Editor workflow: The system generates summaries for all 40 articles published that week. The editor reviews the summaries, sorted by quality score. They select the top 10 articles for the digest, make any necessary edits to the summaries, and publish the newsletter. The process takes 45 minutes instead of 3-4 hours.

Cost Management and Monitoring

With four AI features running across 40+ articles per week, cost management is essential.

Cost breakdown (monthly):

Feature	Model	Calls/month	Estimated Cost
Classification	Haiku	320	$2
SEO Generation	Sonnet	160	$12
Social Media	Sonnet	160	$10
Summarization (3-stage)	Haiku + Sonnet	480	$18
Total		1,120	$42

The total AI cost is $42/month — trivial compared to the editorial time saved. Even at 10x the volume, costs would remain under $500/month.

Monitoring dashboard: The team builds a simple dashboard that tracks: - Suggestion acceptance rate per feature (how often editors use AI suggestions as-is vs. modifying them) - Quality scores per feature over time - Cost per article and cost per feature - Model latency per feature

Key monitoring insight: After three months, the dashboard reveals that classification acceptance rate is 94% but SEO metadata acceptance rate has dropped to 71%. Investigation shows that the SEO prompt was optimized for informational articles but produces poor results for opinion pieces, which have a different SEO strategy. The team creates a separate prompt variant for opinion articles, and acceptance rate recovers to 89%.

Architecture Decisions

Why an AI service layer: The team wraps all AI calls behind a ContentAIService class that all four features use. This gives them: - A single place to configure API clients, retries, and timeouts - Centralized cost tracking and logging - Easy model switching (they migrated from GPT-4 to Claude mid-project) - Consistent error handling across all features

Why synchronous processing: All four features run synchronously because the results are needed immediately in the editorial workflow — when a writer saves a draft, they want to see the classification suggestion in the same page load.
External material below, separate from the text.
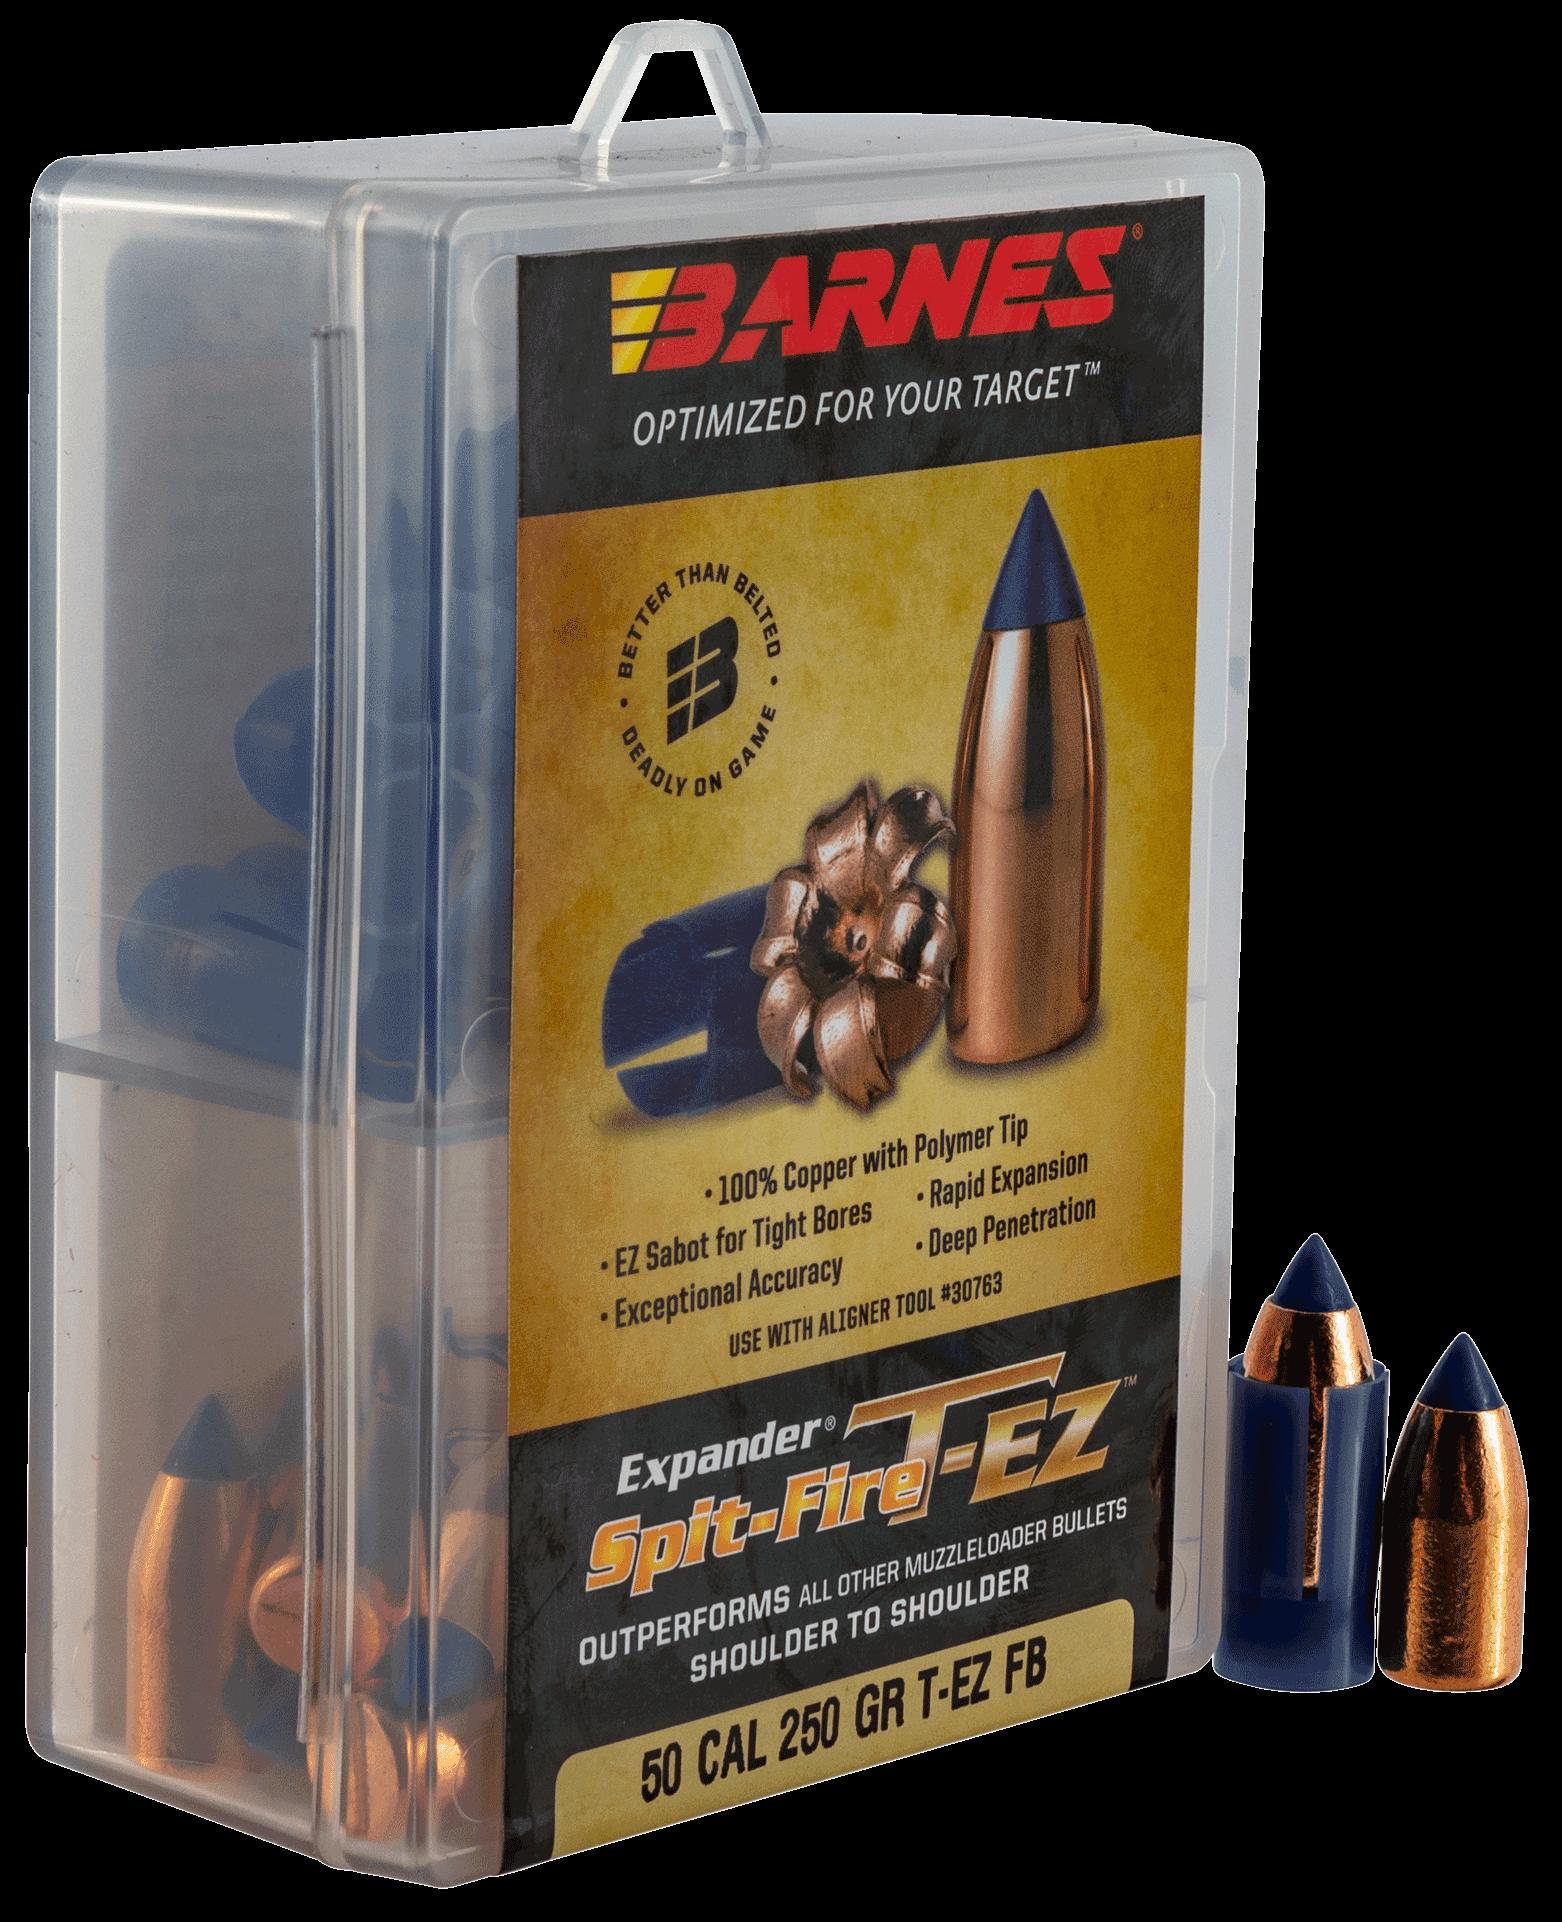 Barnes Bullets 30601 Spit-Fire T-EZ 50 Black Powder 250 GR ...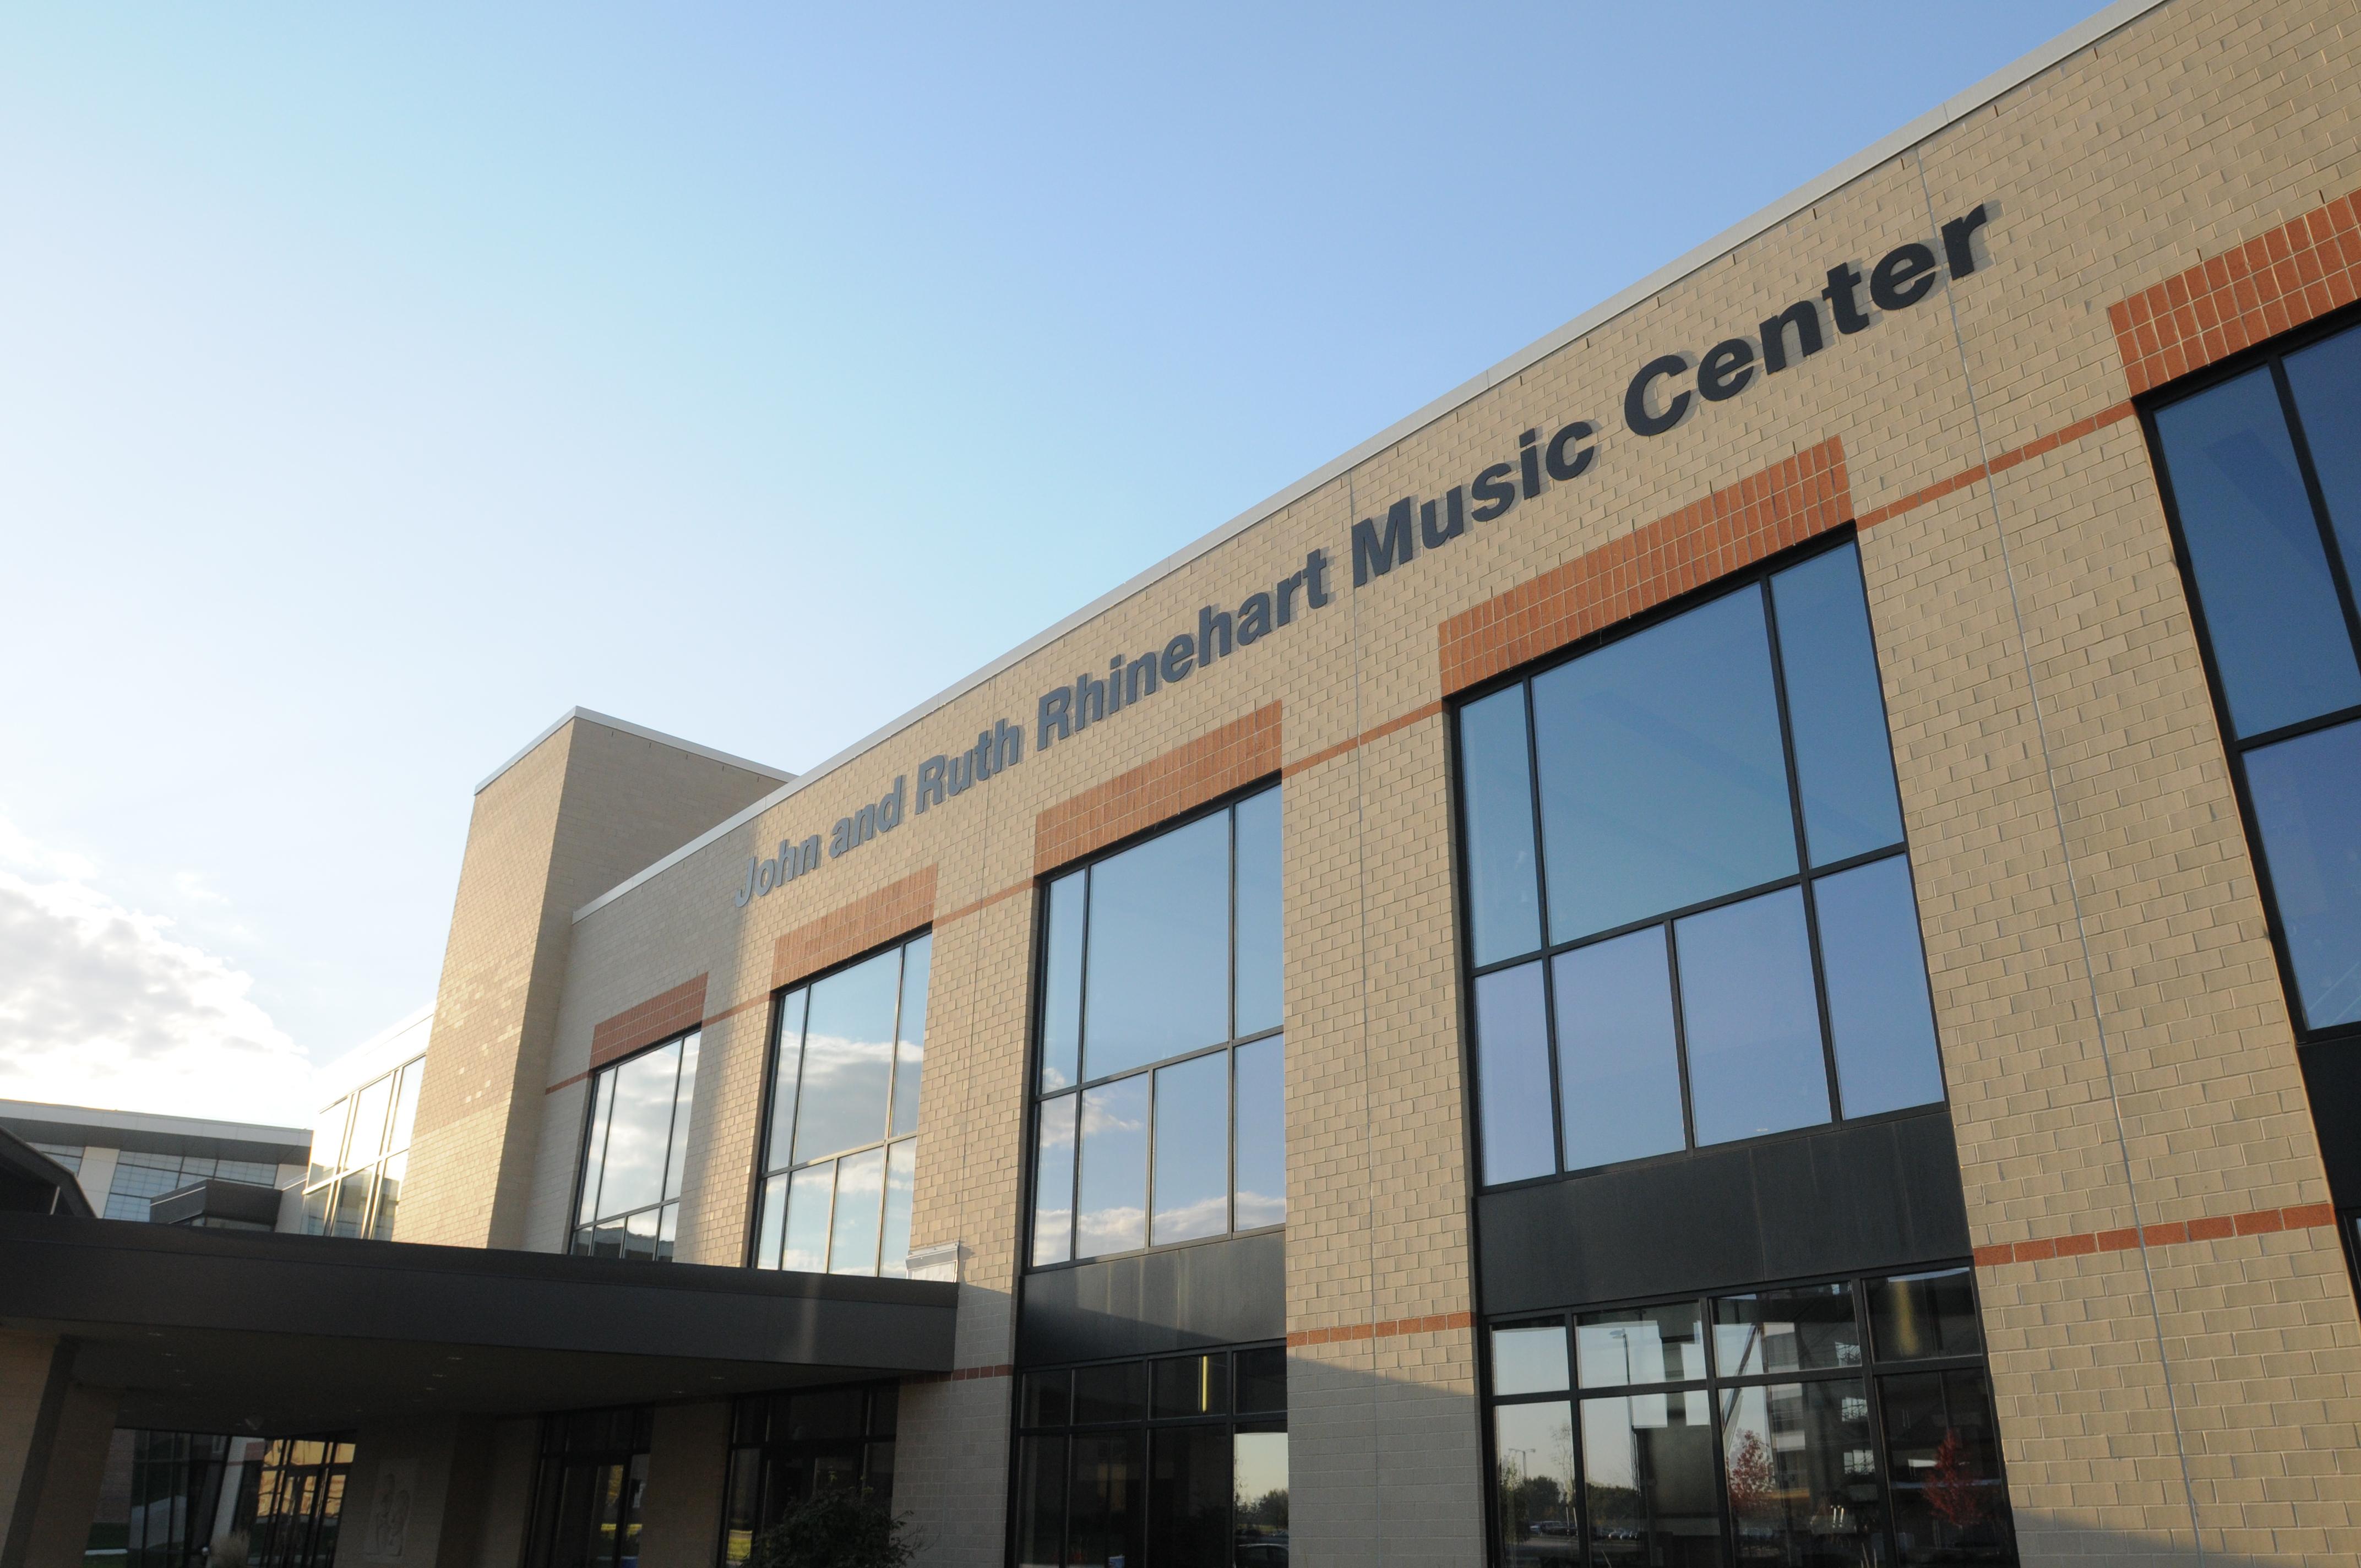 Rhinehart Music Center Rm TBD

Latency is acceptable (1-3 seconds per feature) because it is much faster than the manual process it replaces.

Why not fine-tuning: The team considered fine-tuning a model on Meridian's content style but decided against it. RAG and prompt engineering achieve sufficient quality for their use cases, and they avoid the complexity and cost of maintaining fine-tuned models. The brand voice is effectively captured in the system prompts.

Lessons Learned

AI features do not need to be perfect to be valuable. A 94% classification acceptance rate means the AI saves time on 94% of articles even though it is wrong 6% of the time. The editor catches the errors in seconds.
Different features need different models. Classification and evaluation use Haiku (cheap, fast). Generation uses Sonnet (higher quality). Matching model capability to task complexity saved 60% on costs compared to using Sonnet for everything.
Prompt versioning pays off quickly. The team has already created 14 prompt versions across four features. The ability to roll back when a change degrades quality has prevented several potential incidents.
Editor acceptance rate is the most important metric. It directly measures whether the AI feature is actually useful. A feature with high automated quality scores but low acceptance rate is not serving the team's needs.
Start with the most tedious task, not the most impressive one. SEO metadata generation is unglamorous but saved the most time per article. Article summarization is more impressive but was the last feature built. Delivering boring-but-useful features first builds organizational trust in AI features.

The complete implementation code for this case study is available in code/case-study-code.py.